Just 16 years later, we’re about to vote on a plan that would completely and permanently eliminate the private sector’s role in originating and raising capital for federal student loans. In its place will be a one-size-fits-all federal loan model that requires the U.S. Treasury to directly lend tens of billions of dollars each year – tens of billions we do not have, and will be forced to borrow.
So why is Congress intervening to declare one program the winner? If it’s truly about competition, the best program ought to win in the marketplace. In fact, one program has won – the public-private partnership of the Federal Family Education Loan program, which is the choice of three-quarters of colleges and universities today.
By eliminating the FFEL program, we will lose the choice, competition, and innovation of the private sector. That includes everything from technological innovations to loan discounts and borrower services.
We will also lose jobs – an estimated 30,000 or more in congressional districts from coast to coast.
And what are we getting in return? My colleagues on the other side of the aisle tout this legislation as being fiscally responsible.
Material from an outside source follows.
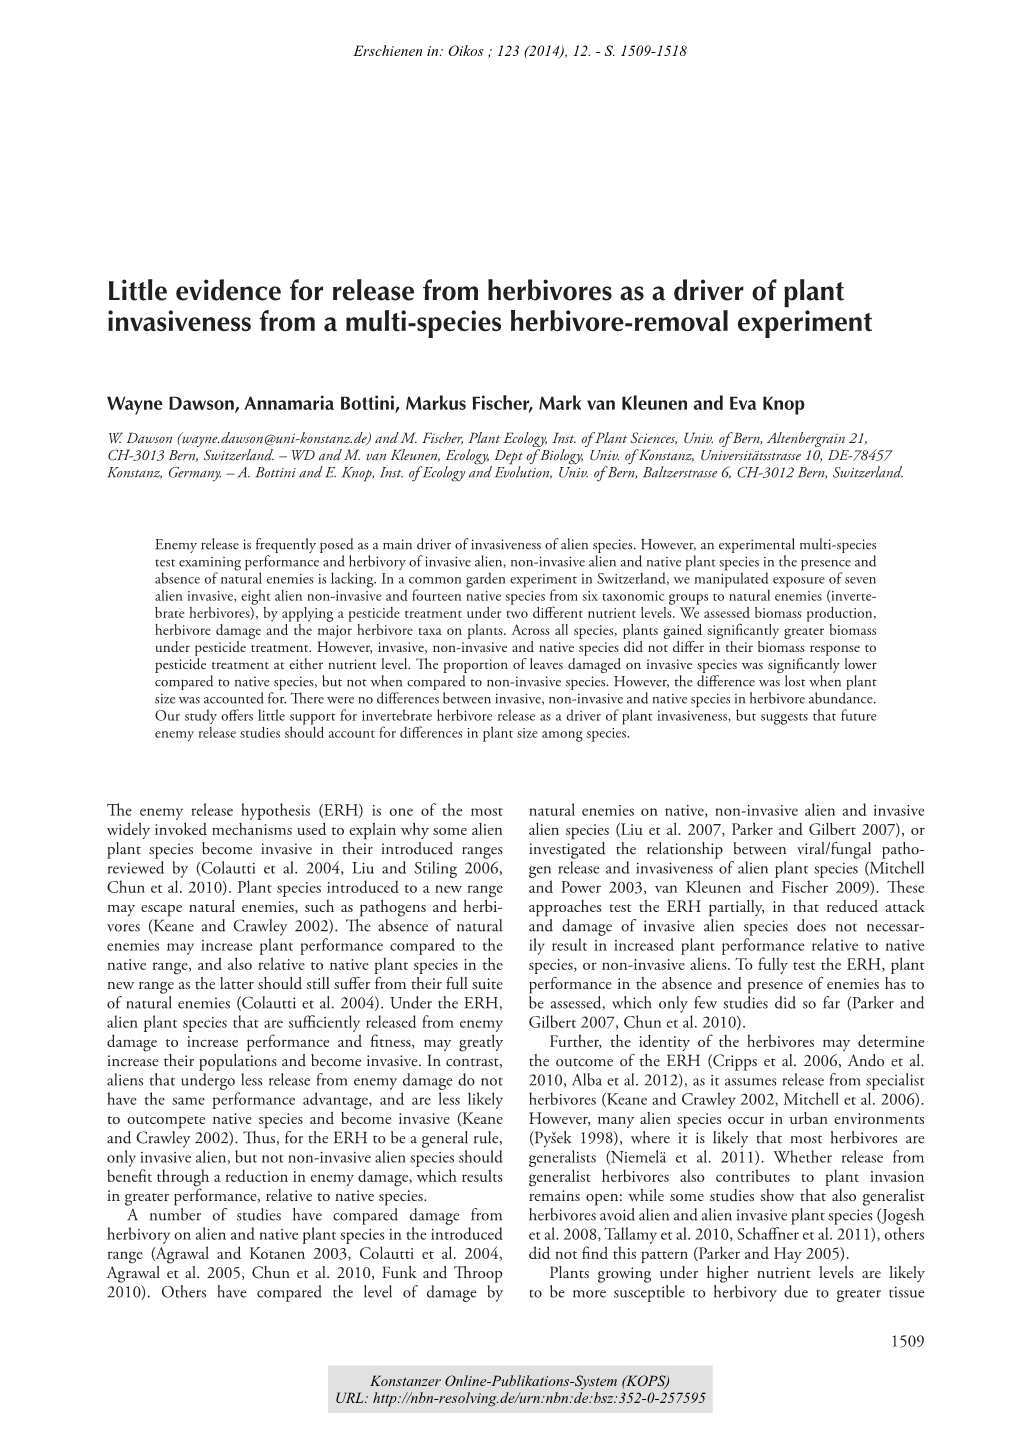 Little Evidence for Release from Herbivores As a Driver of Plant Invasiveness from a Multi-Species Herbivore-Removal Experiment
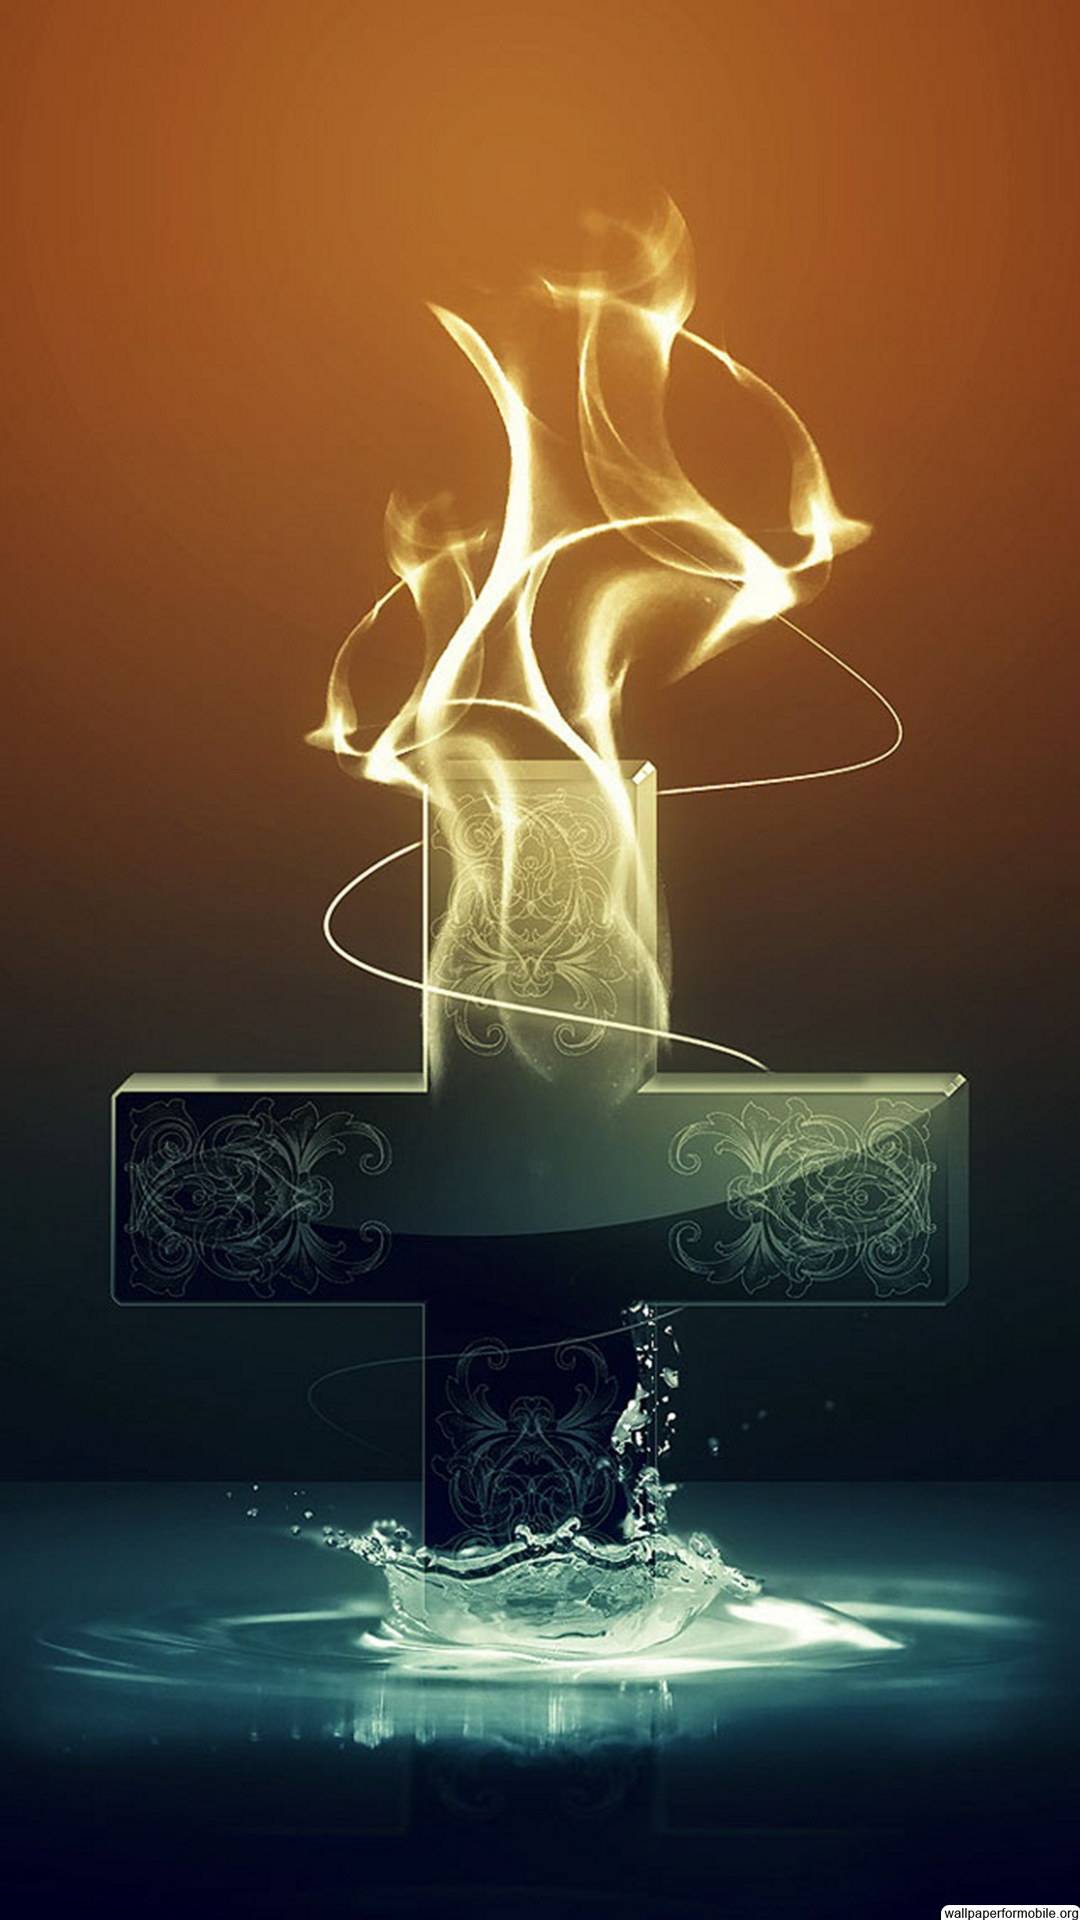 Cool Christian Iphone Wallpapers

Respectfully, I beg to differ.
The bill is awash with new entitlement programs – including a new early childhood program to develop and fund programs at the state level; a new program to build and renovate schools; and a new program to bolster community colleges and involve the federal government in developing online curriculum.
Add to these new programs the costs of expanding Pell Grants, funding for Minority Serving Institutions, and the Perkins loan program, and we have on our hands a massive entitlement spending spree.
This spending is allegedly paid for by $87 billion in so-called savings from elimination of the FFEL program, Unfortunately, the numbers just don’t add up.
CBO tells us the bill will require $13.5 billion in new discretionary spending – real money that simply isn’t counted in the mandatory score. CBO also tells us that using current figures, the Pell Grant expansion will cost $11.4 billion more than scorekeepers originally predicted – again, a cost not counted in the “official” score.
That means this bill will cost closer to $15 billion over the next 10 years – and when market risk is factored in, the cost spikes to nearly $50 billion.
Madam Chair, there is a better way. Later in the debate, I will join the Ranking Member on the higher education subcommittee in offering an amendment to stabilize student lending by extending programs approved on a bipartisan basis last year.
With this plan, we can put $13 billion toward deficit reduction and – most importantly – we can convene a nonpartisan commission to study long-term structural changes to our student lending systems. In short, it’s a thoughtful, reasonable approach to determine what’s best for students, schools, and taxpayers alike.
I urge my colleagues to slow down, take a breath, and ask yourself whether another government takeover is what we need right now. I think the answer is a clear no.